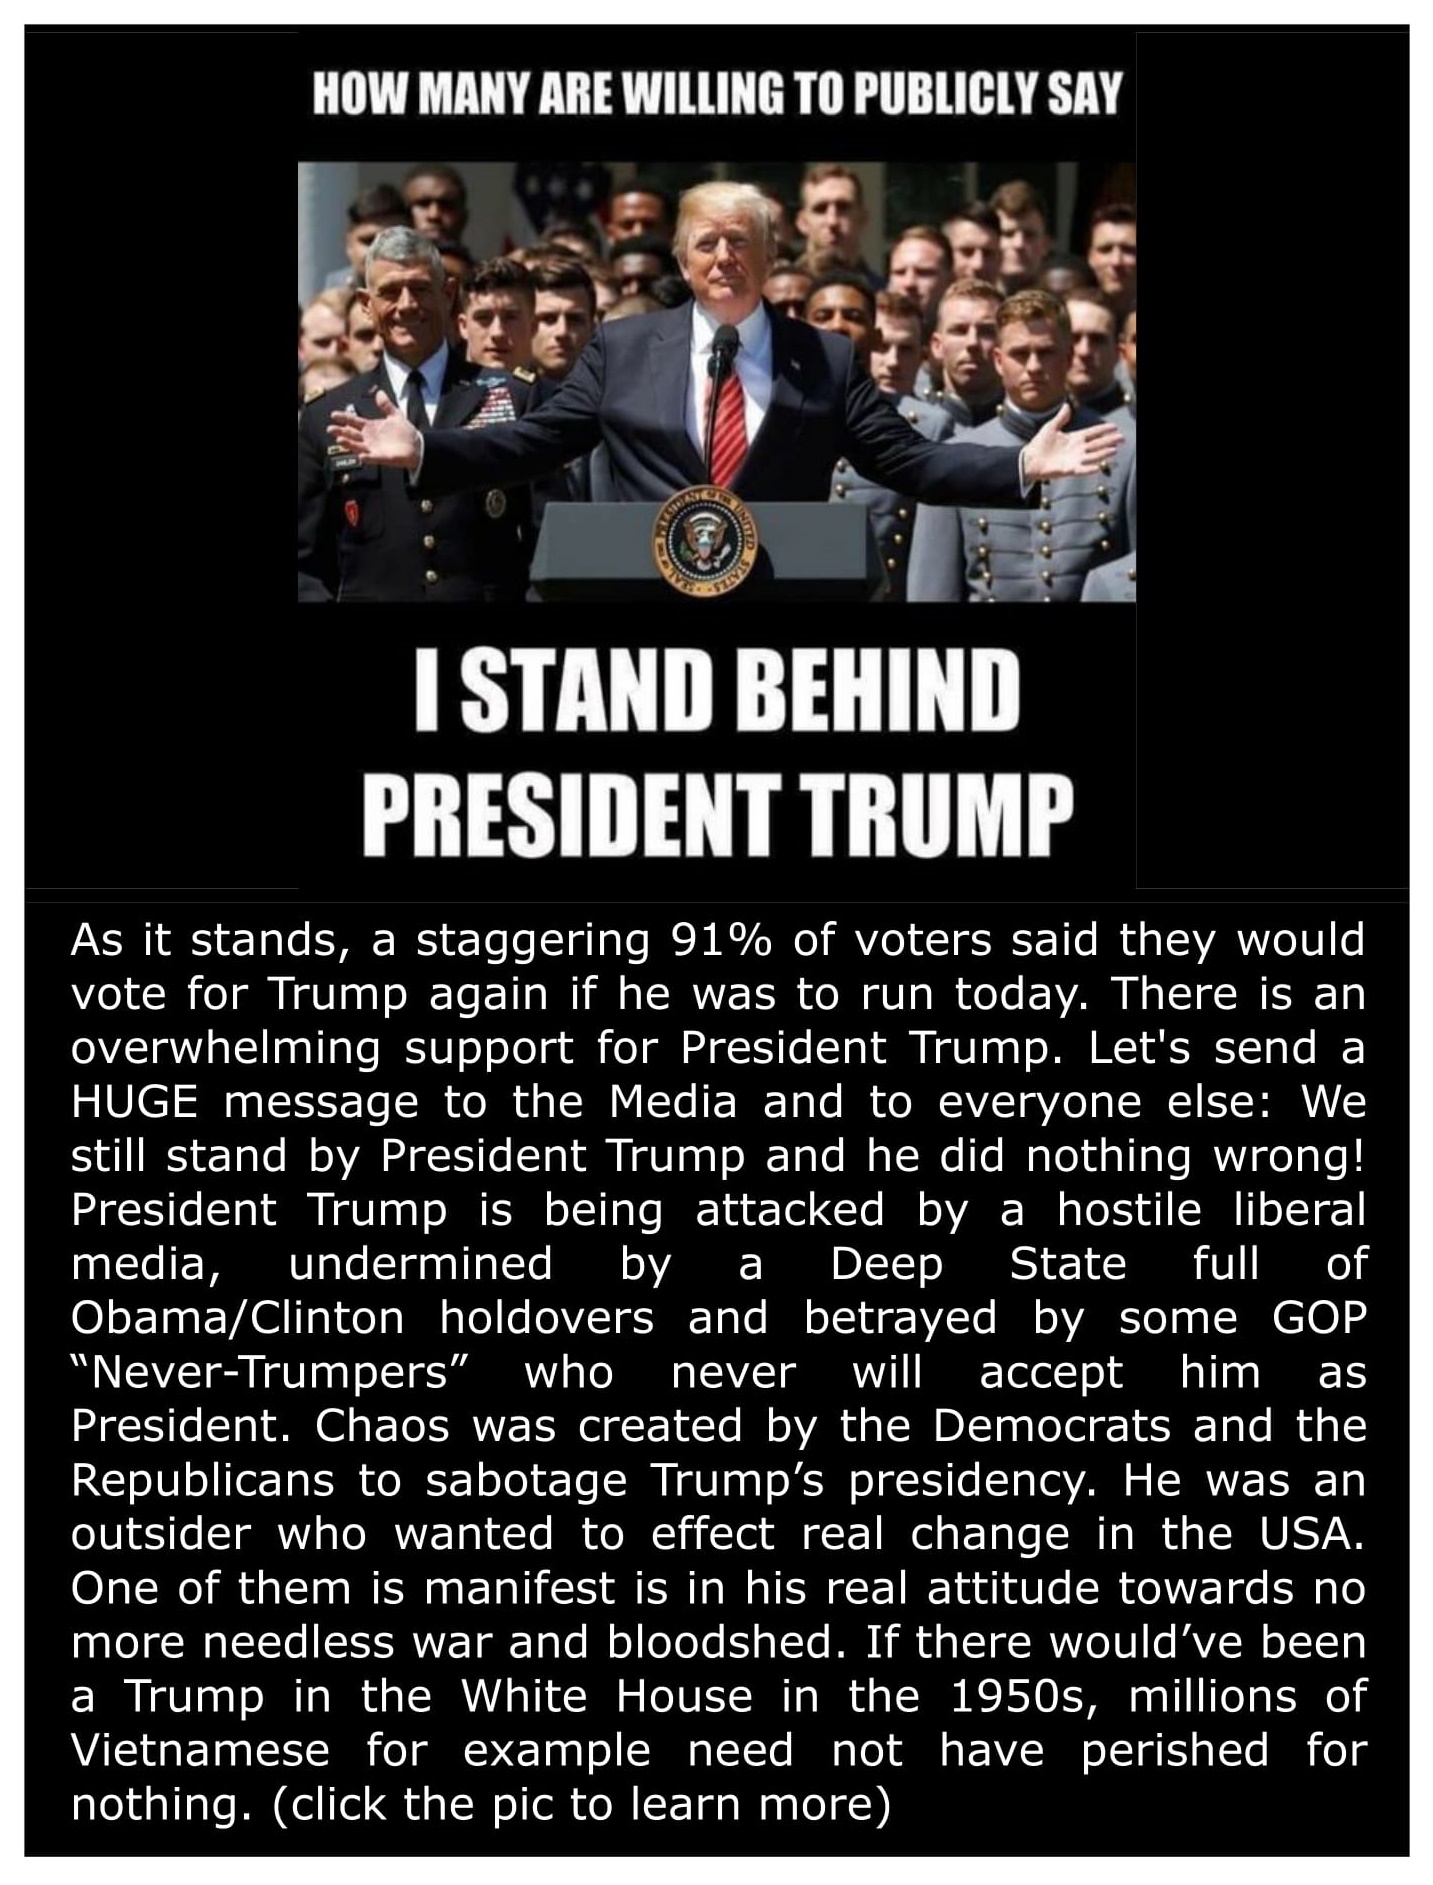 We Stand Behind Pres. Trump
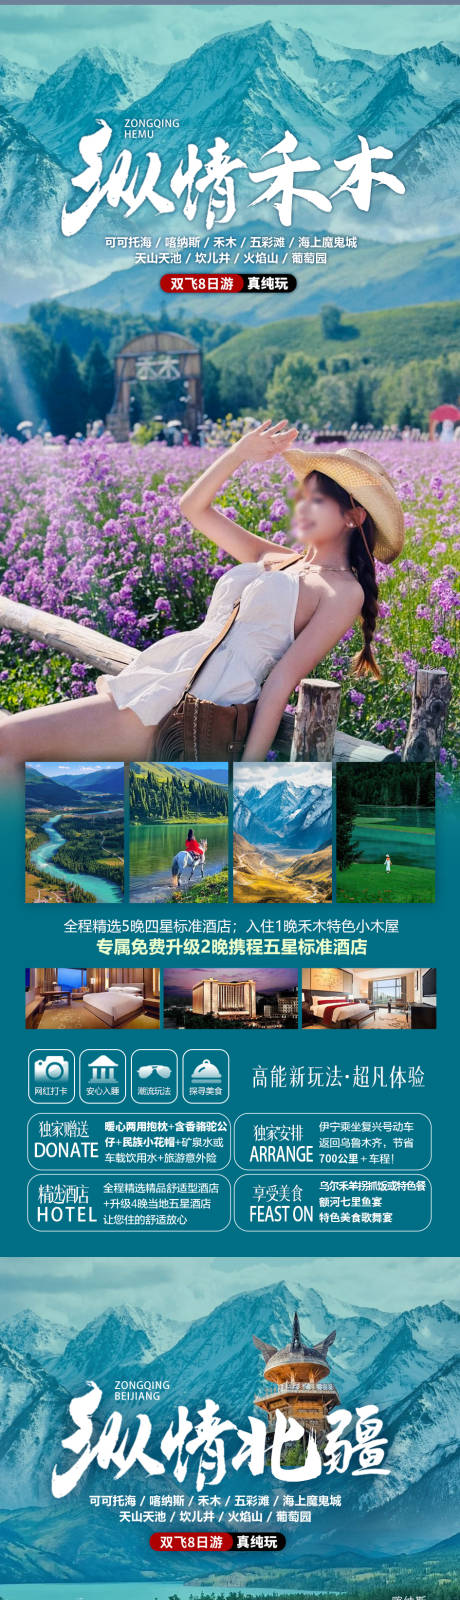 新疆旅游系列海报
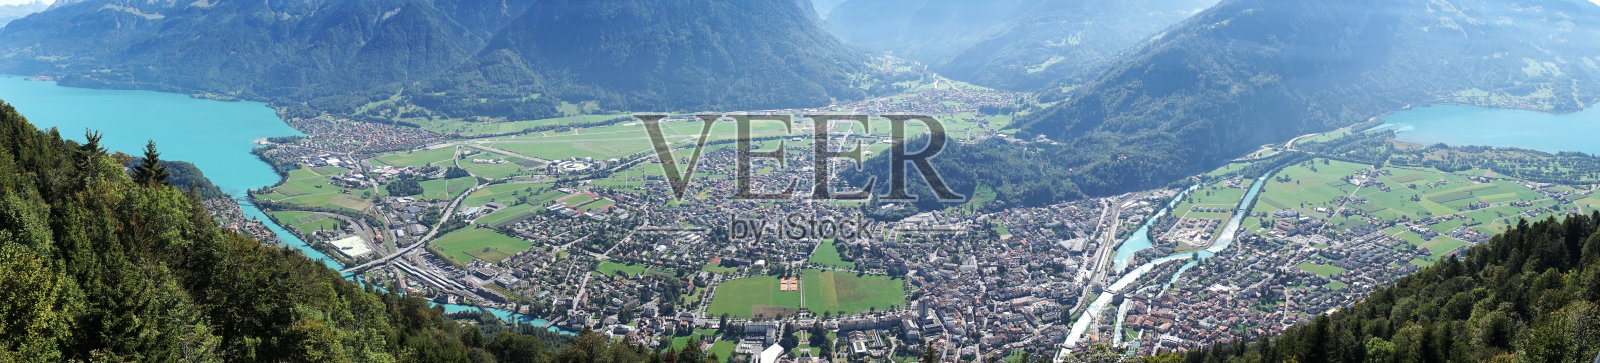 瑞士因特拉肯小镇全景照片摄影图片
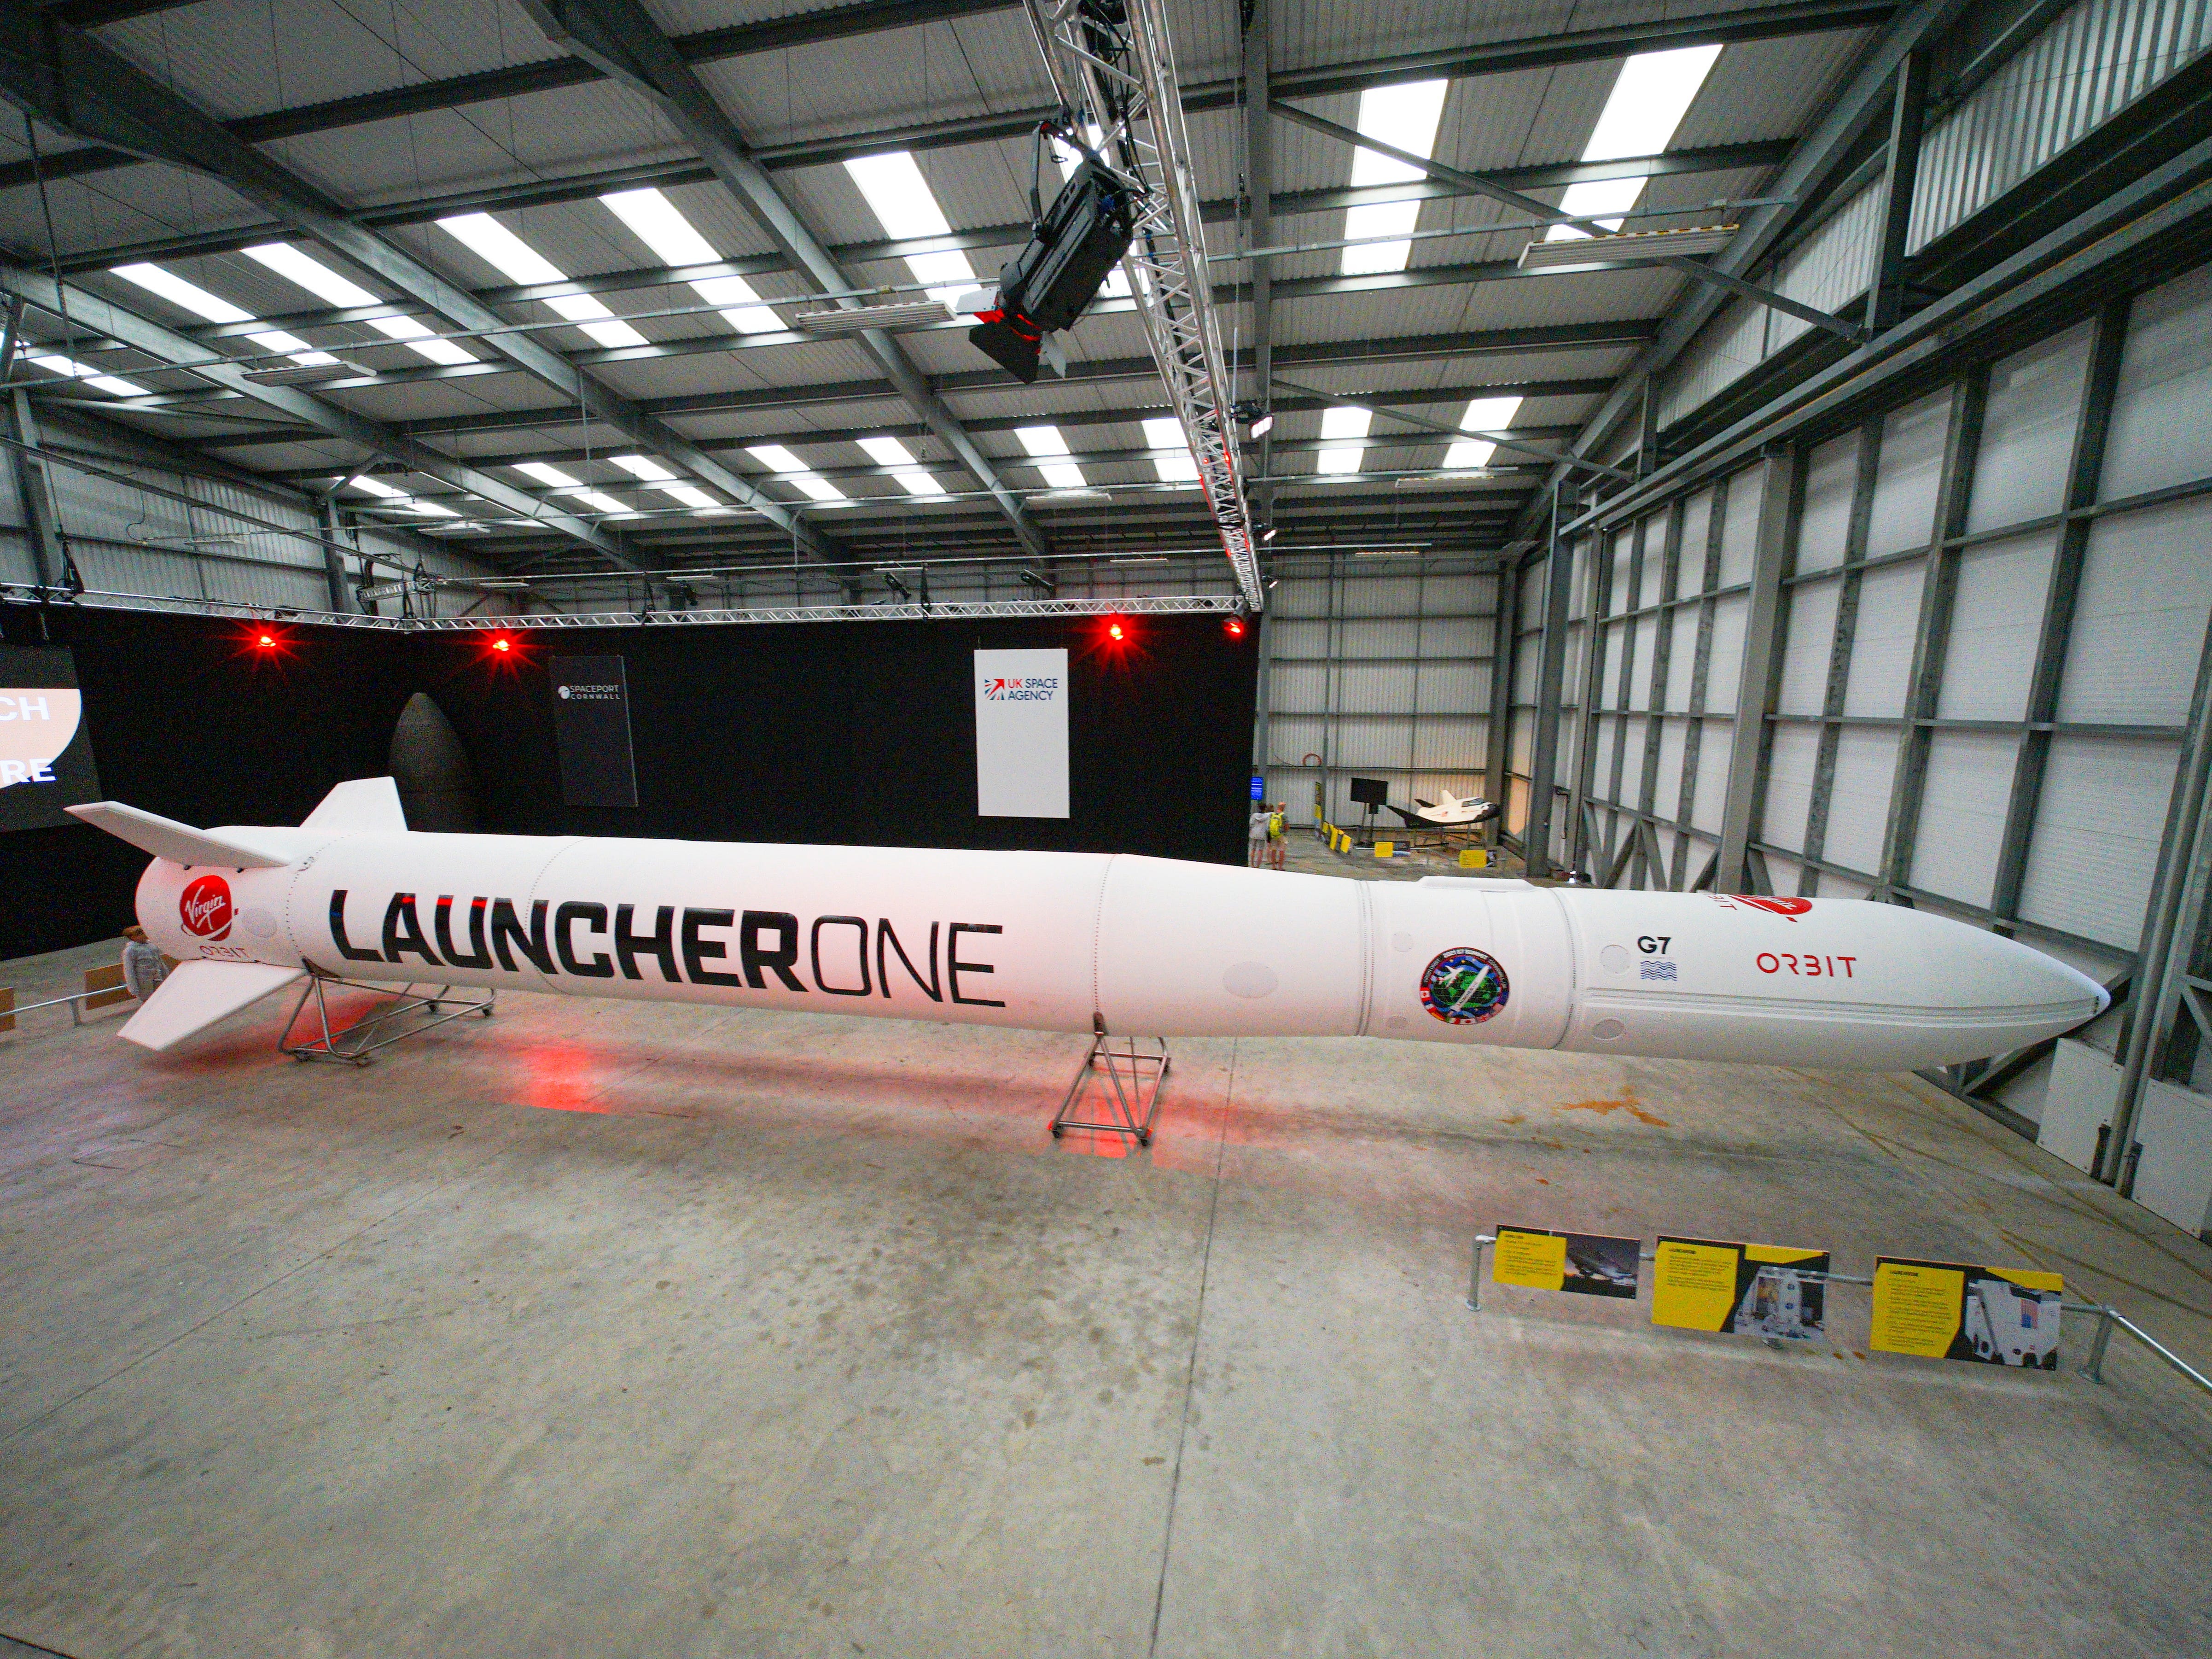 Die Rakete Virgin Orbit Launcher One wird am Eröffnungstag der Sommerausstellung Story of a Satellite im Spaceport Cornwall am 2. August 2021 in Newquay, England, ausgestellt.
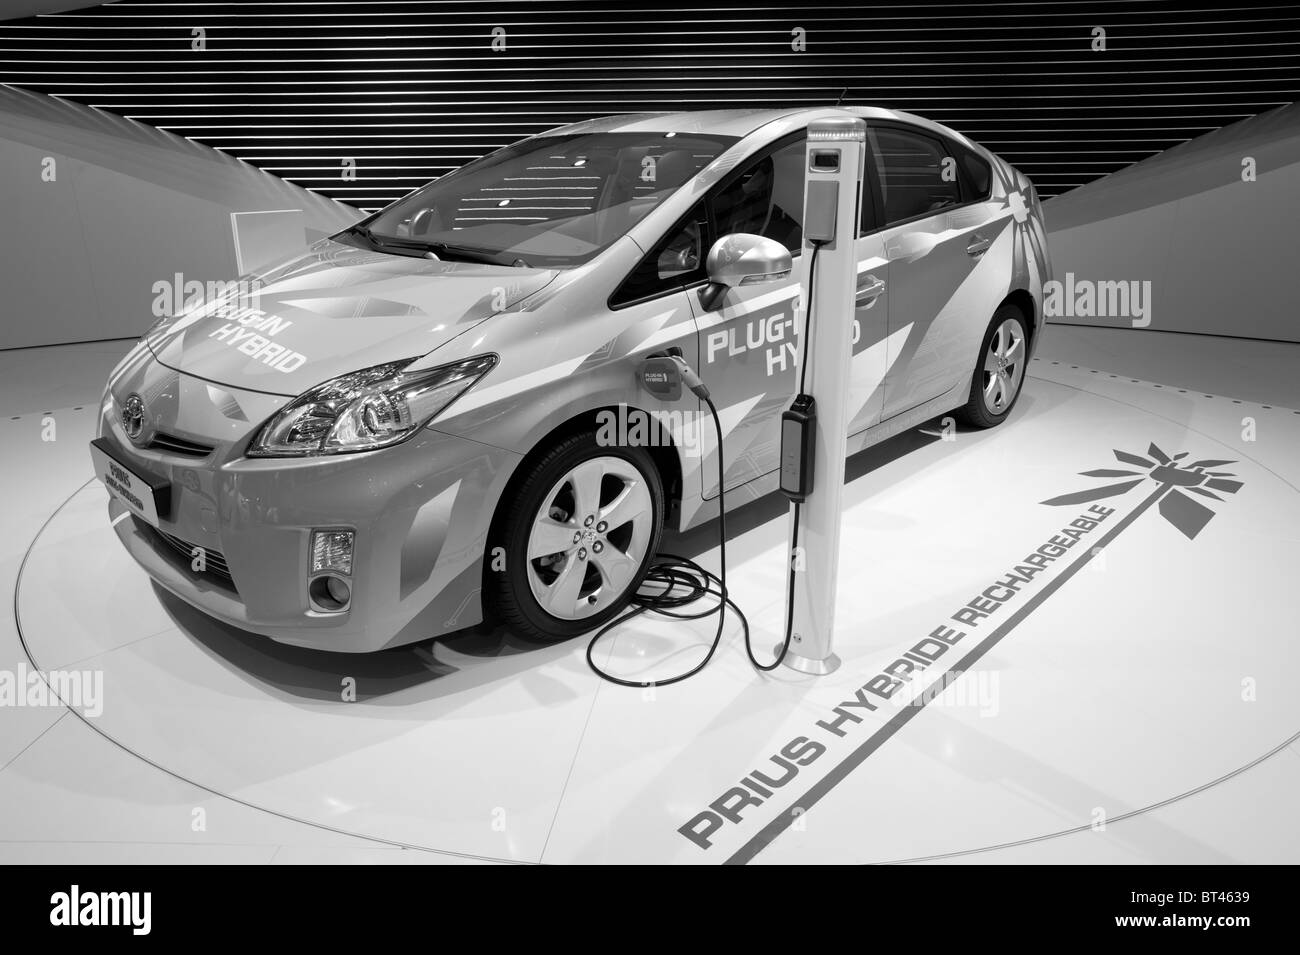 Plugin de Toyota Prius híbrido de coches en Paris Motor Show 2010 Foto de stock

###

WHAT YOU SHOULD DO: Print the data above exactly; drop every picture.

RESPONSE BELOW:
 We Stand Behind Pres. Trump
 新疆旅游系列海报
 瑞士因特拉肯小镇全景照片摄影图片
 Die Rakete Virgin Orbit Launcher One wird am Eröffnungstag der Sommerausstellung Story of a Satellite im Spaceport Cornwall am 2. August 2021 in Newquay, England, ausgestellt.
 Plugin de Toyota Prius híbrido de coches en Paris Motor Show 2010 Foto de stock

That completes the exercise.